When you reach the line that holds "Unique And Unusual", start copying exactly and keep going through the final line of the data, leaving out pictures.

▶ [SOURCE MATERIAL]:
════════
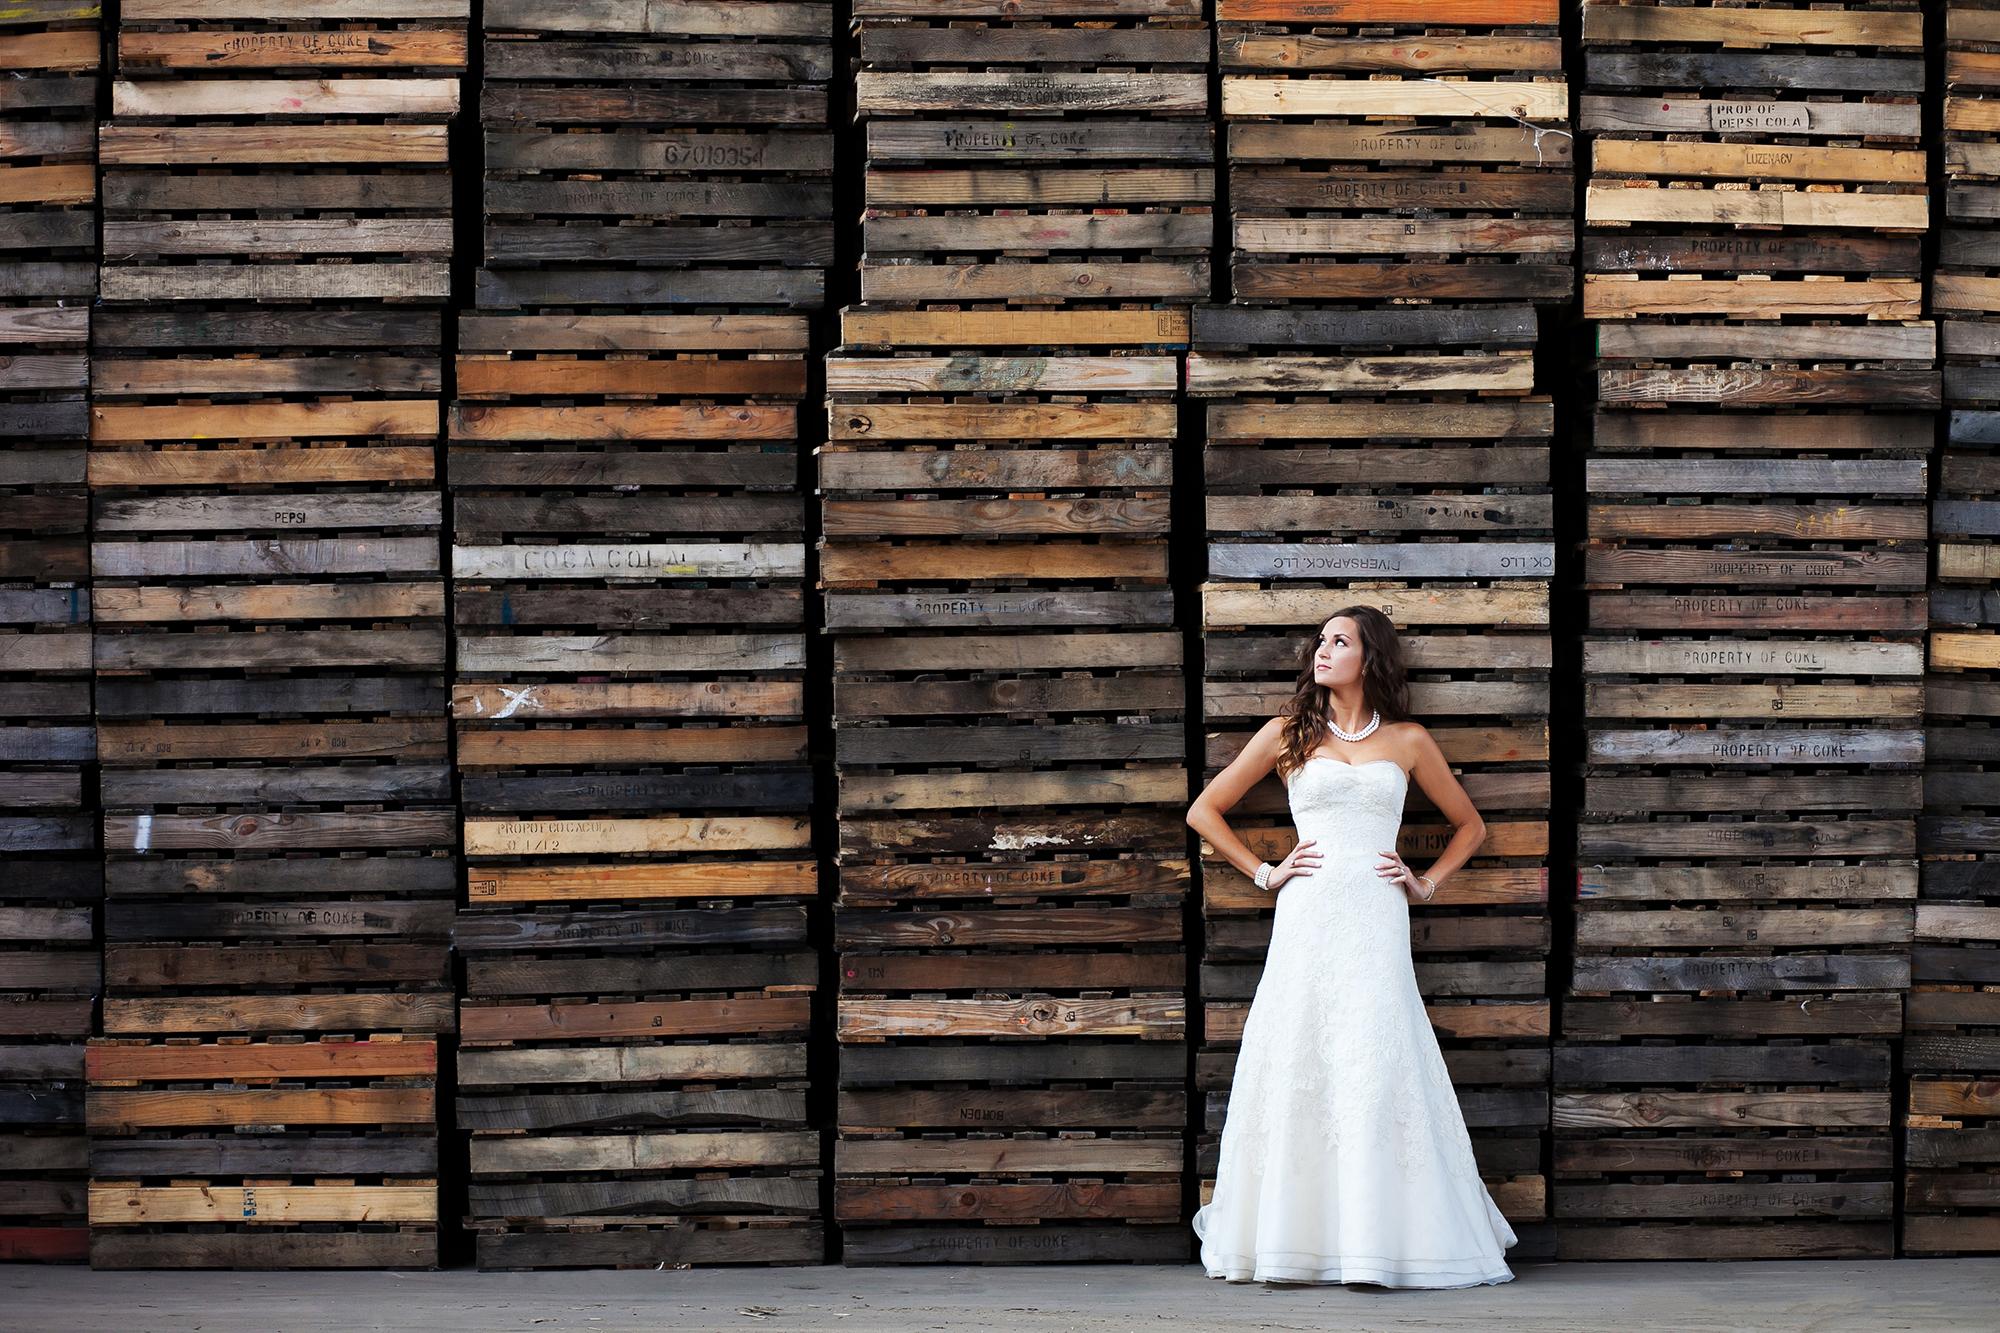 adam-szarmack-bridal-weddings-wood-wall.jpg
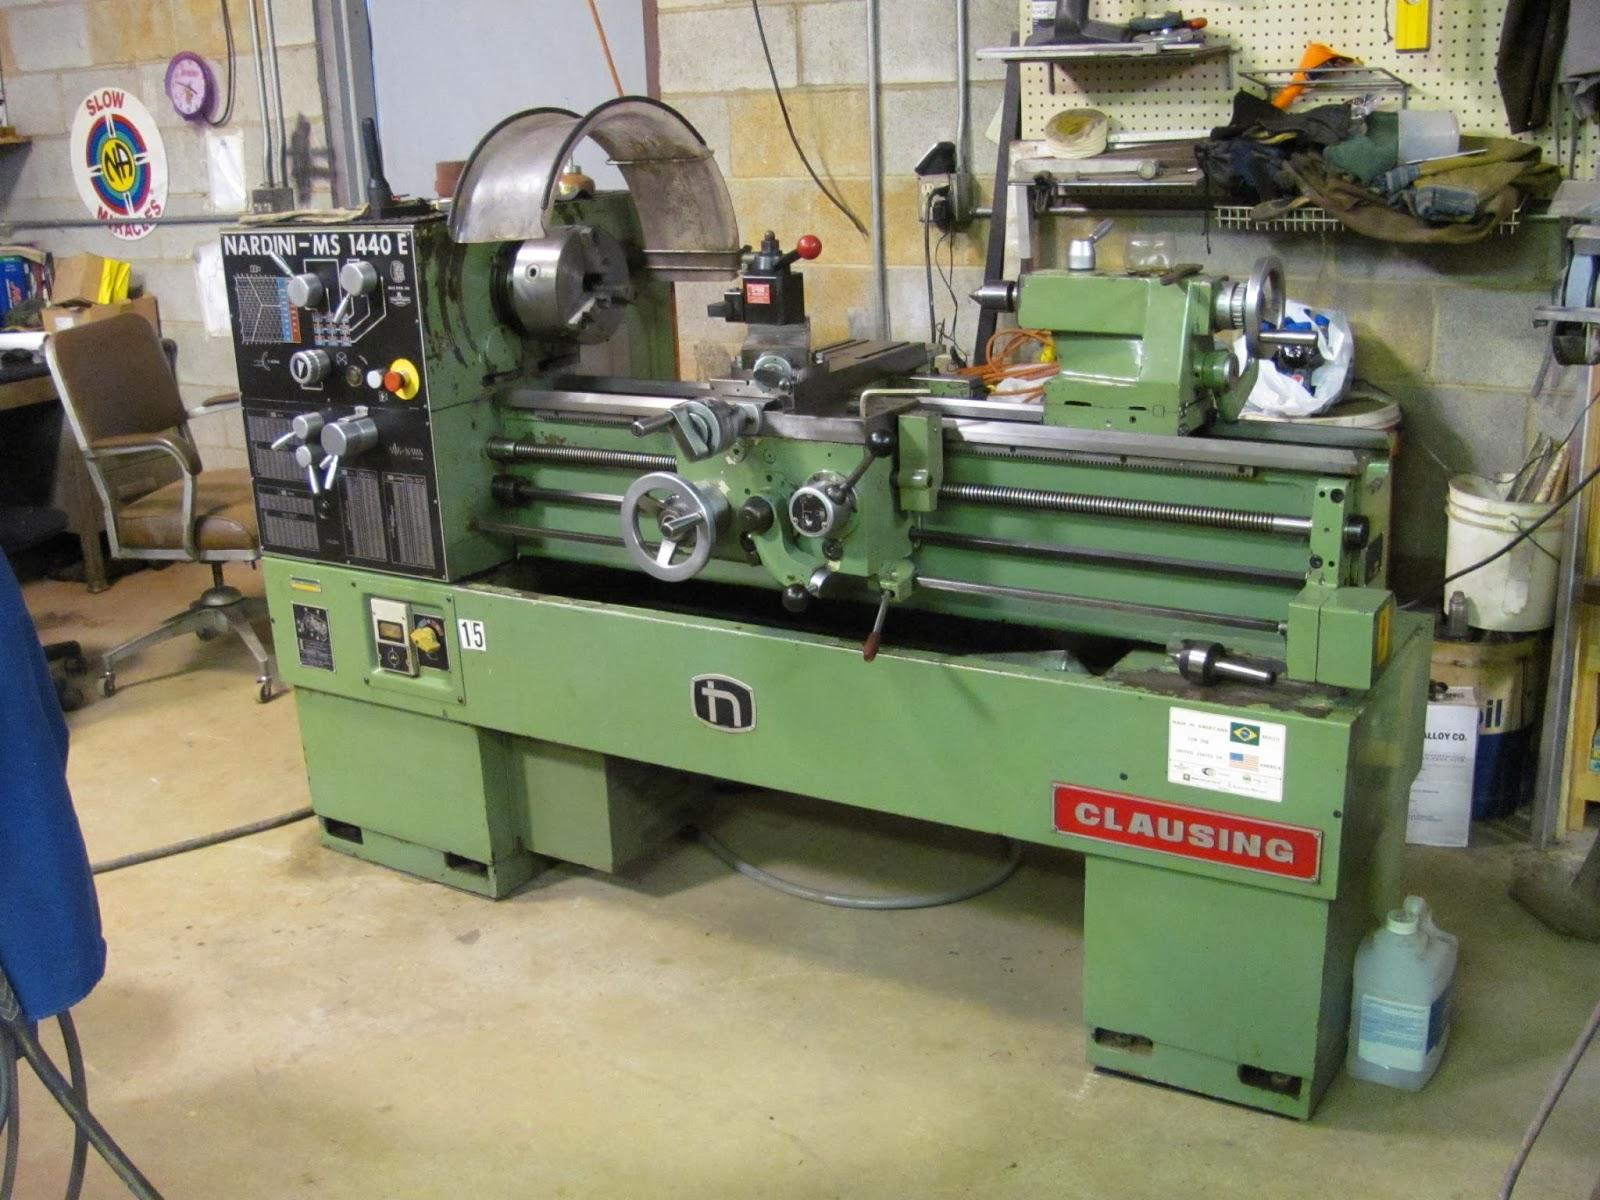 machine id d nardini ms 1440 e metal lathe labeled clausing ozark rh ozarktoolmanuals com nardini ms 1440 manual
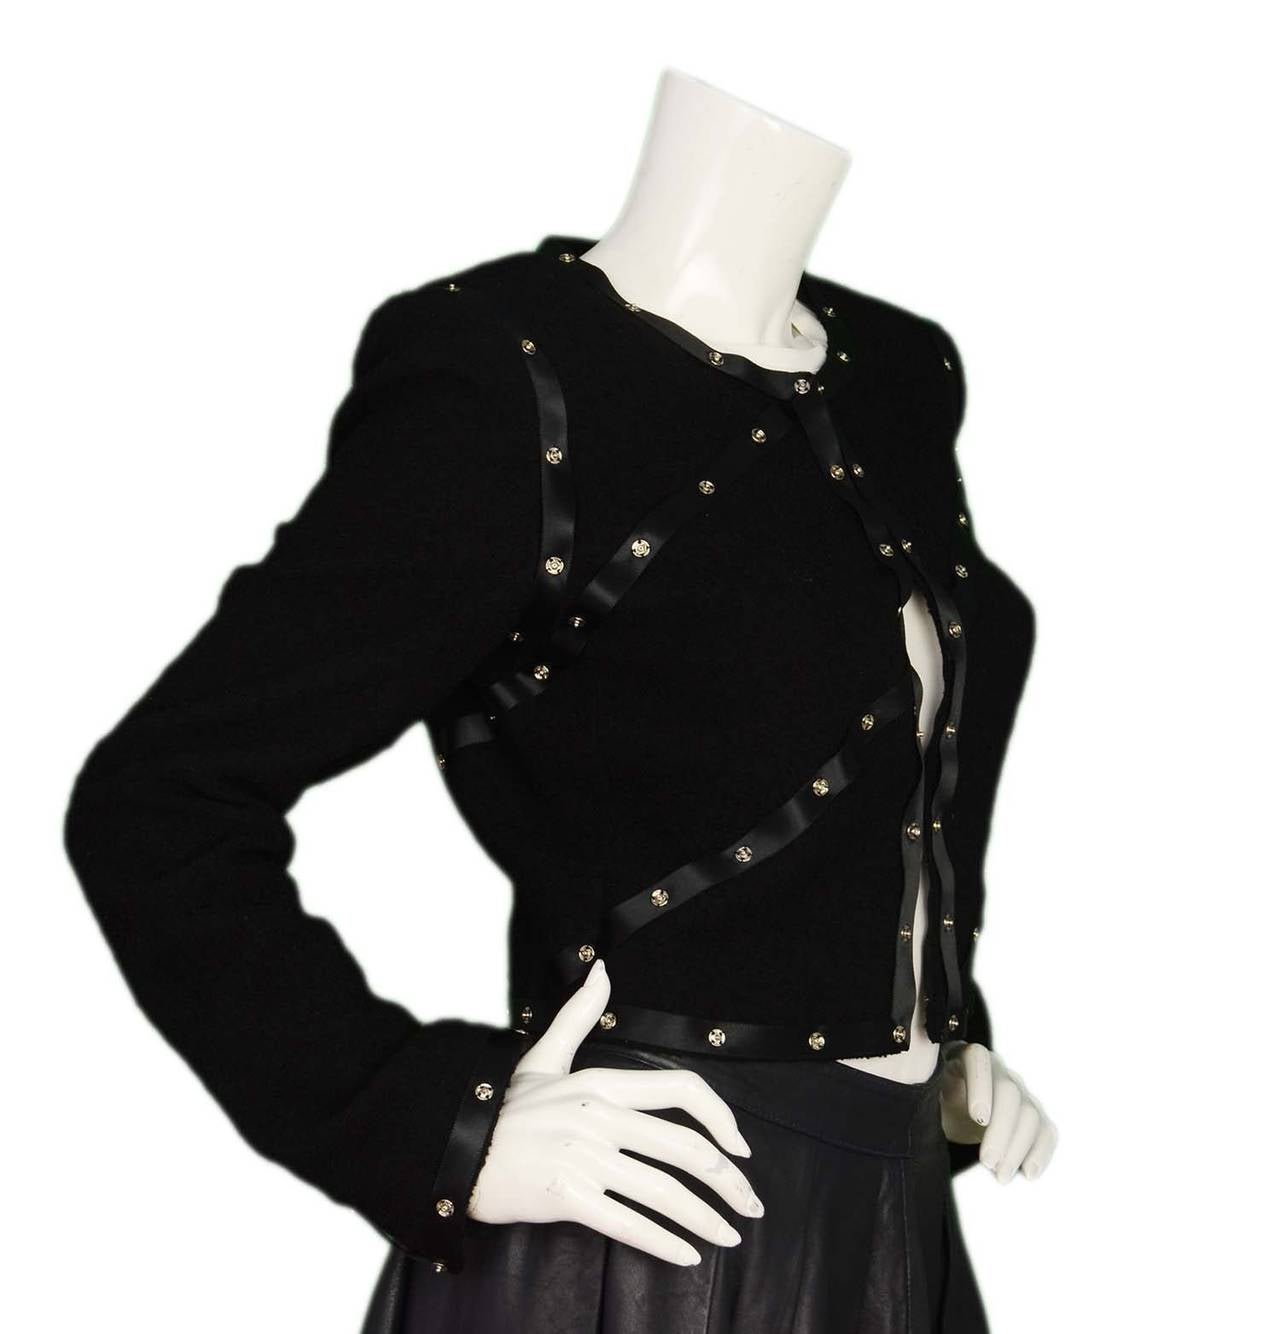 CHANEL 2003 Black Boucle Cropped Jacket w/Snap Detailing sz 40 2
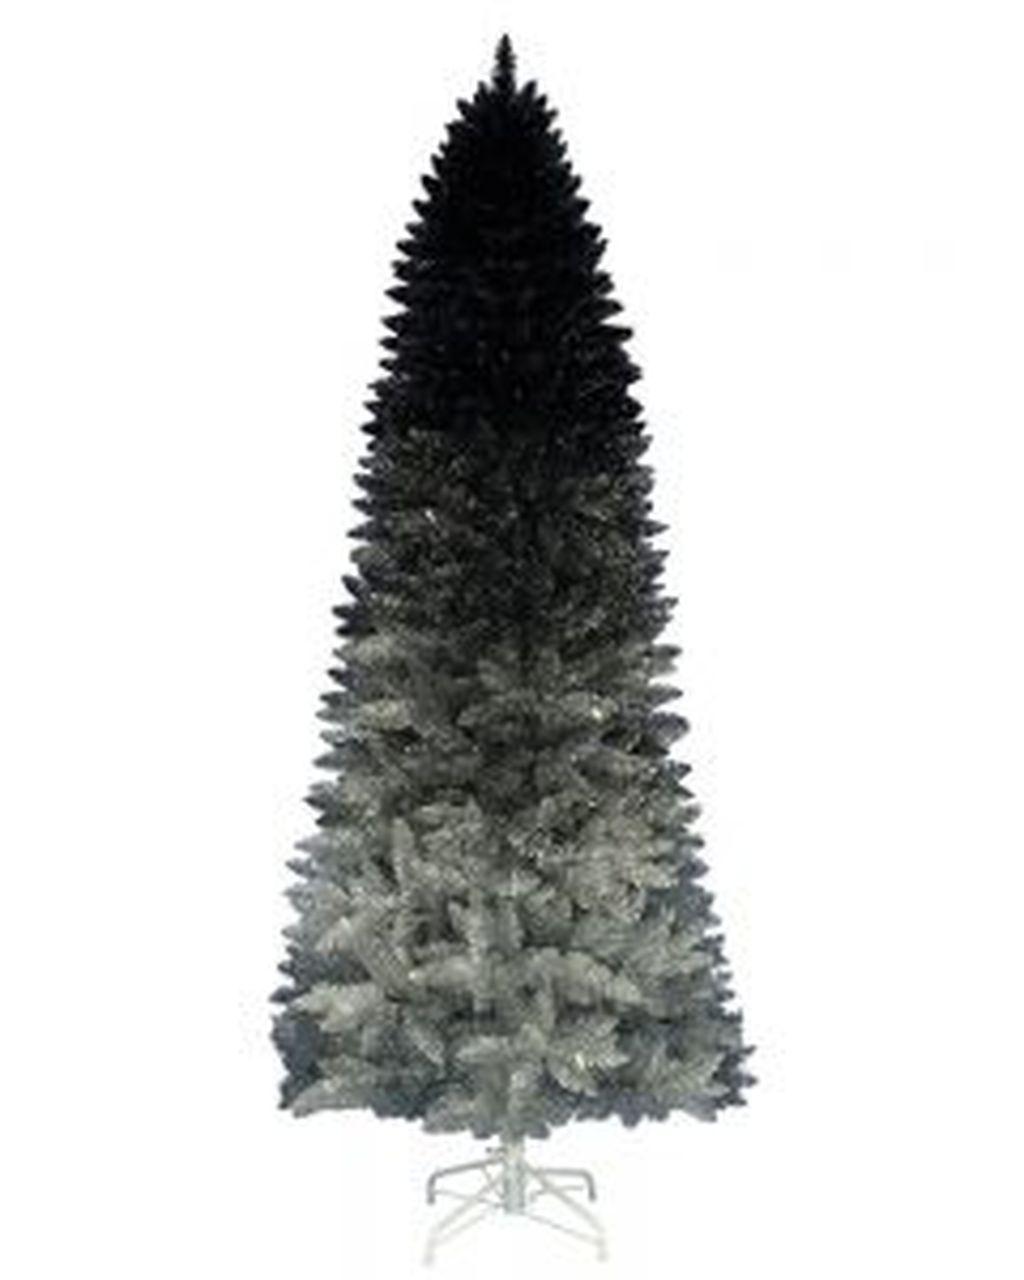 Unique And Unusual Black Christmas Tree Decoration Ideas 19
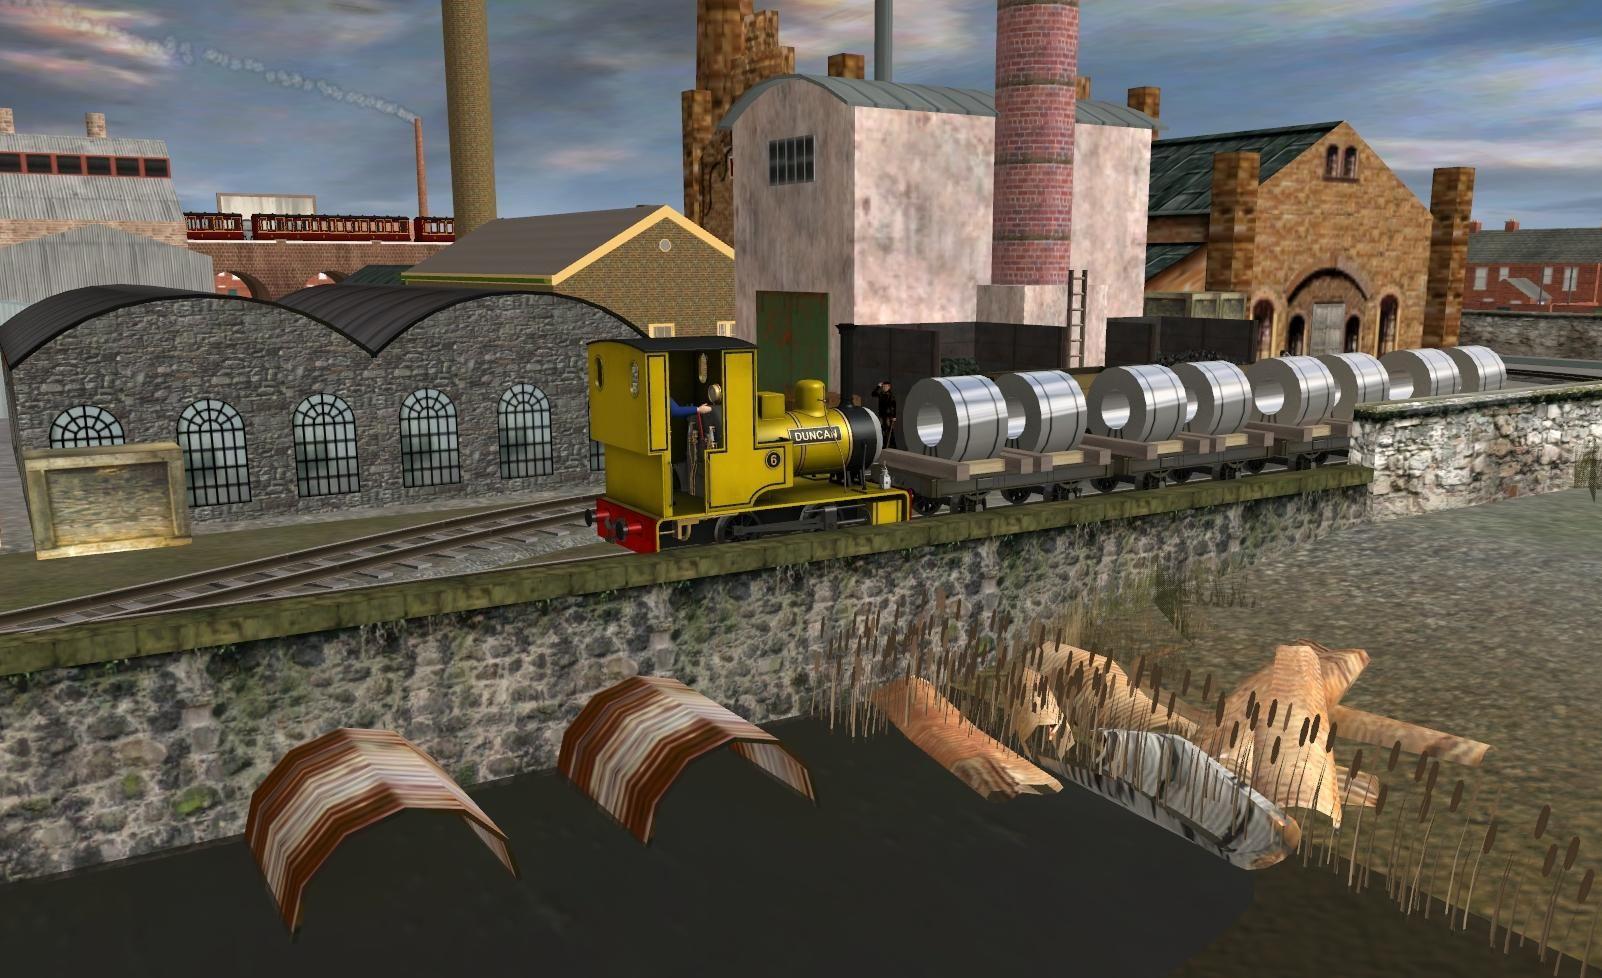 Screenshots - Trainz/MSTS/Railworks | Sodor Island 3D Forums
════════
▶ [ANSWER SPACE]:
 Unique And Unusual Black Christmas Tree Decoration Ideas 19
 Screenshots - Trainz/MSTS/Railworks | Sodor Island 3D Forums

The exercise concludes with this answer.